Paper ID: 2210.05710
Predictive Event Segmentation and Representation with Neural Networks: A Self-Supervised Model Assessed by Psychological Experiments
Hamit Basgol, Inci Ayhan, Emre Ugur
People segment complex, ever-changing and continuous experience into basic, stable and discrete spatio-temporal experience units, called events. Event segmentation literature investigates the mechanisms that allow people to extract events. Event segmentation theory points out that people predict ongoing activities and observe prediction error signals to find event boundaries that keep events apart. In this study, we investigated the mechanism giving rise to this ability by a computational model and accompanying psychological experiments. Inspired from event segmentation theory and predictive processing, we introduced a self-supervised model of event segmentation. This model consists of neural networks that predict the sensory signal in the next time-step to represent different events, and a cognitive model that regulates these networks on the basis of their prediction errors. In order to verify the ability of our model in segmenting events, learning them during passive observation, and representing them in its internal representational space, we prepared a video that depicts human behaviors represented by point-light displays. We compared event segmentation behaviors of participants and our model with this video in two hierarchical event segmentation levels. By using point-biserial correlation technique, we demonstrated that event segmentation decisions of our model correlated with the responses of participants.
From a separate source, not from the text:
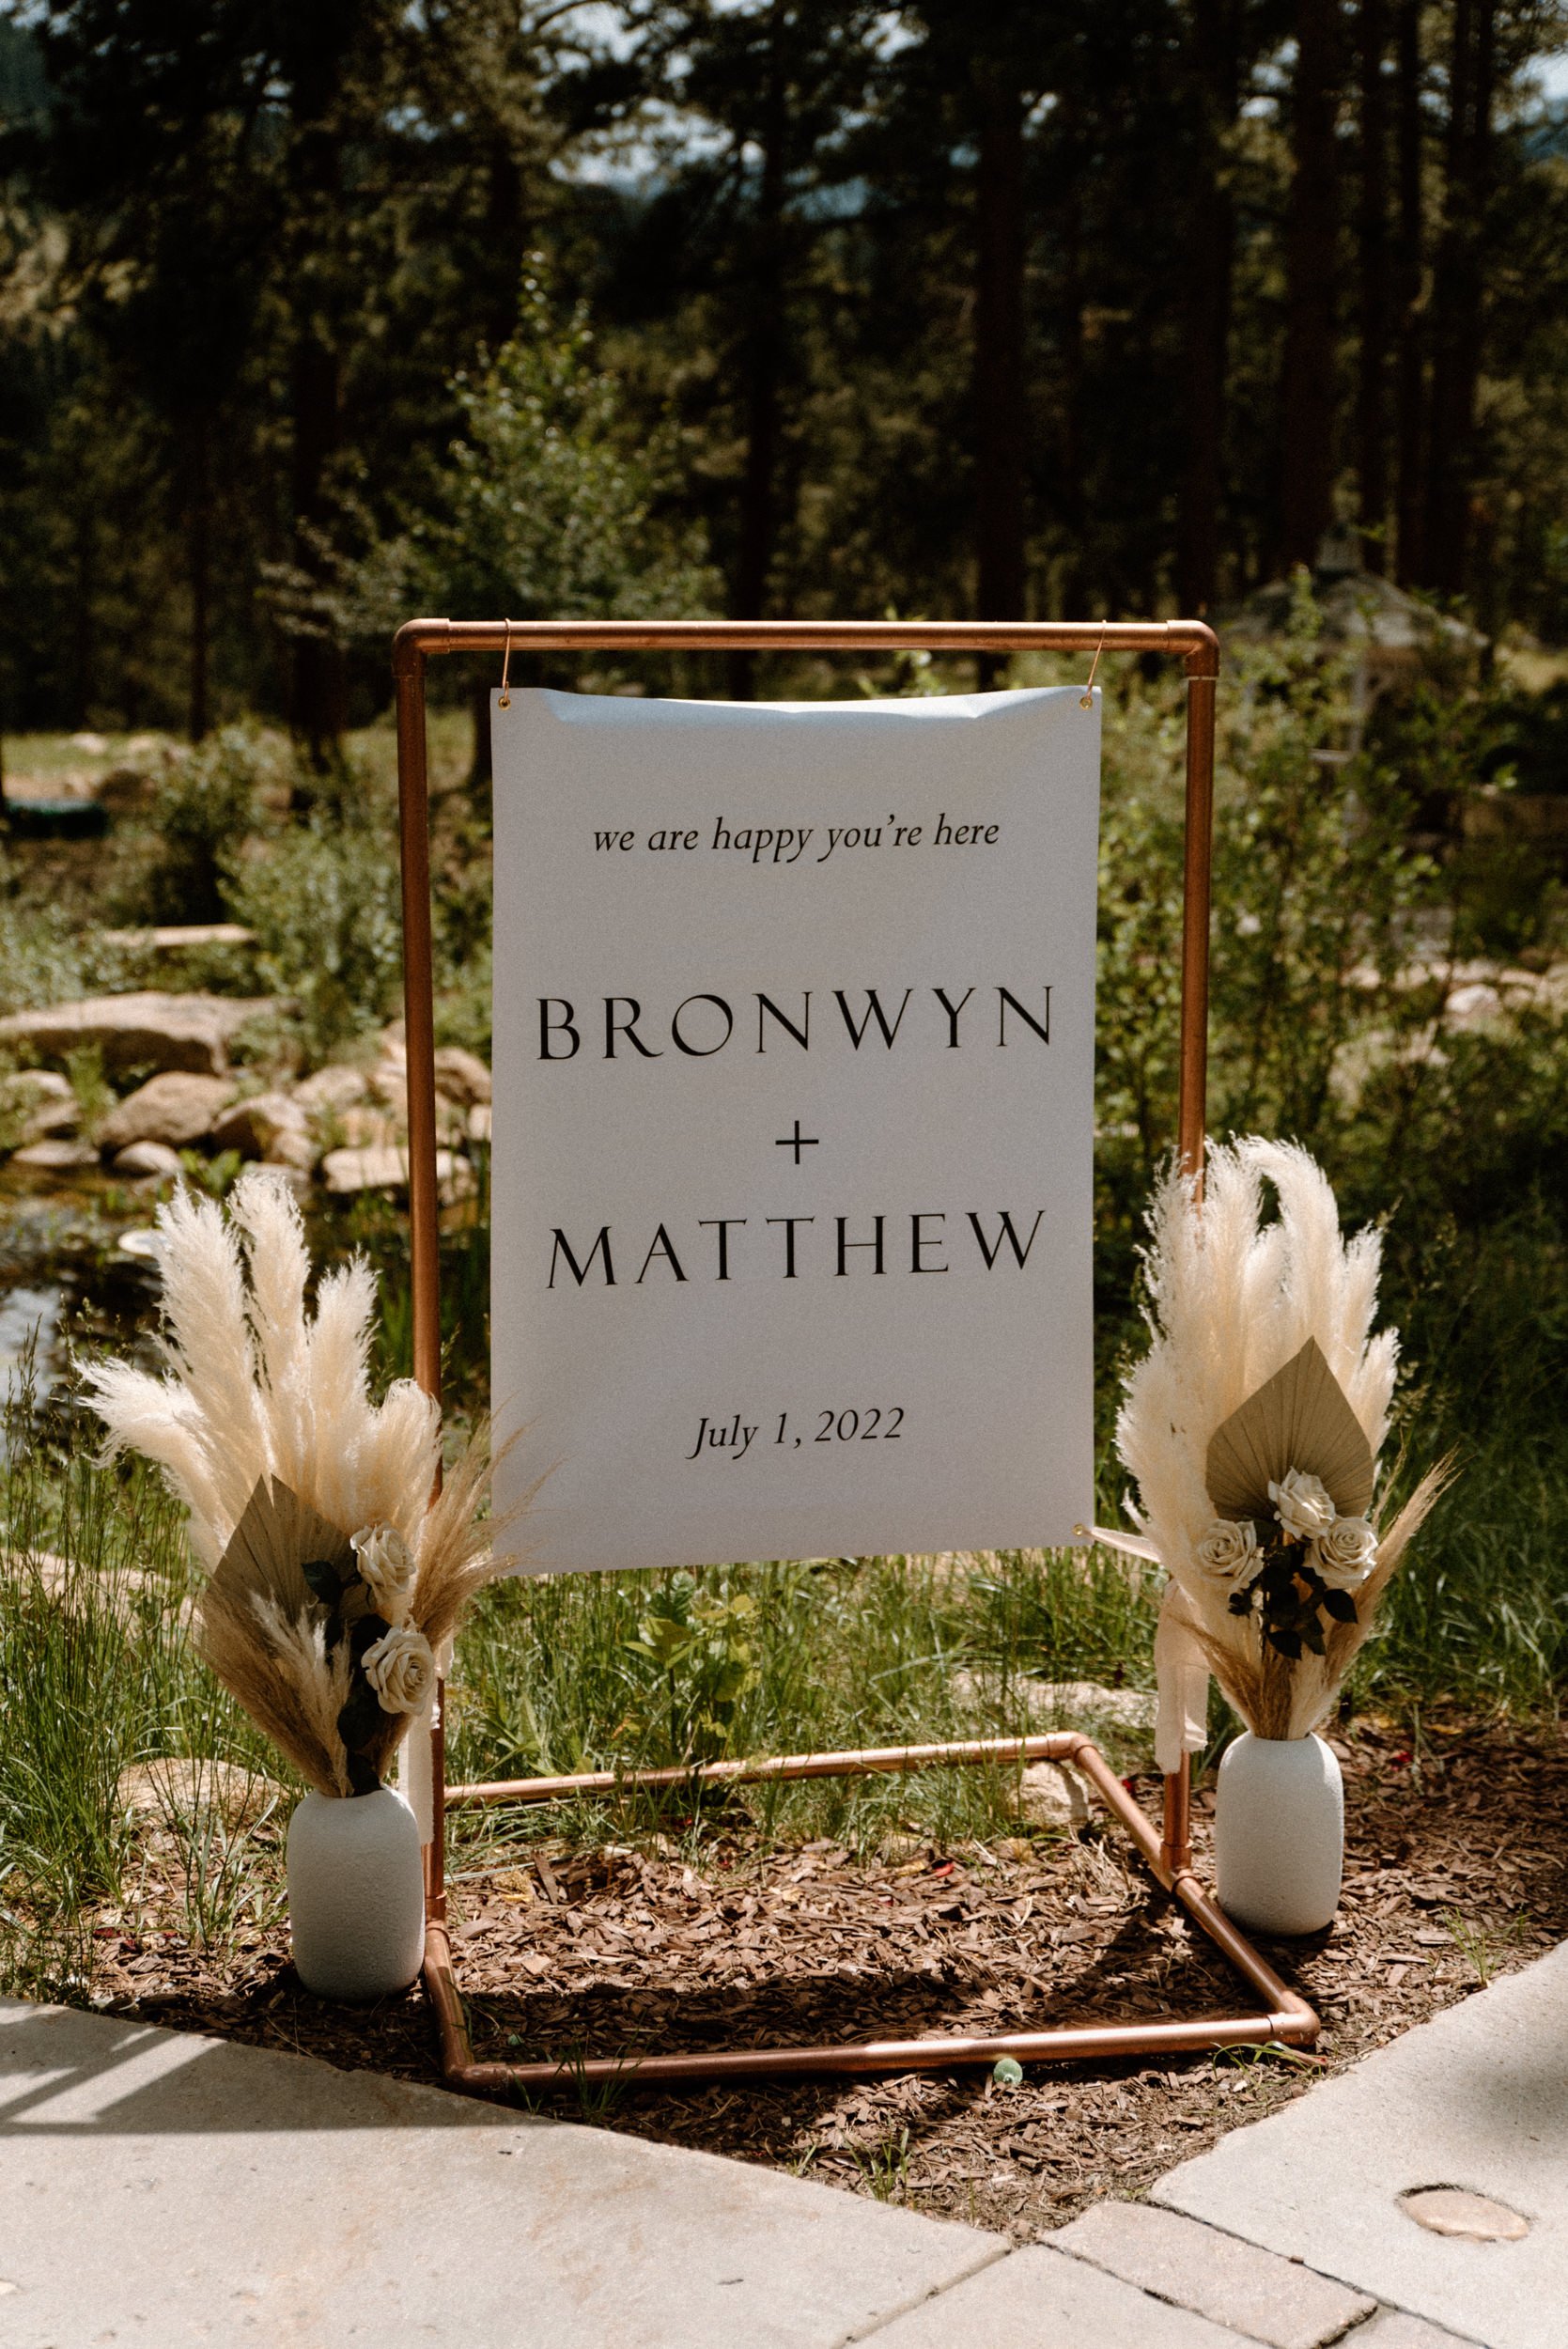 A white sign reads "We are happy you're here. Bronwyn + Matthew. July 1, 2022"

Moreover, by approximating representation space of participants by a similarity-based technique, we showed that our model formed a similar representation space with those of participants. The result suggests that our model that tracks the prediction error signals can produce human-like event boundaries and event representations. Finally, we discussed our contribution to the literature of event cognition and our understanding of how event segmentation is implemented in the brain.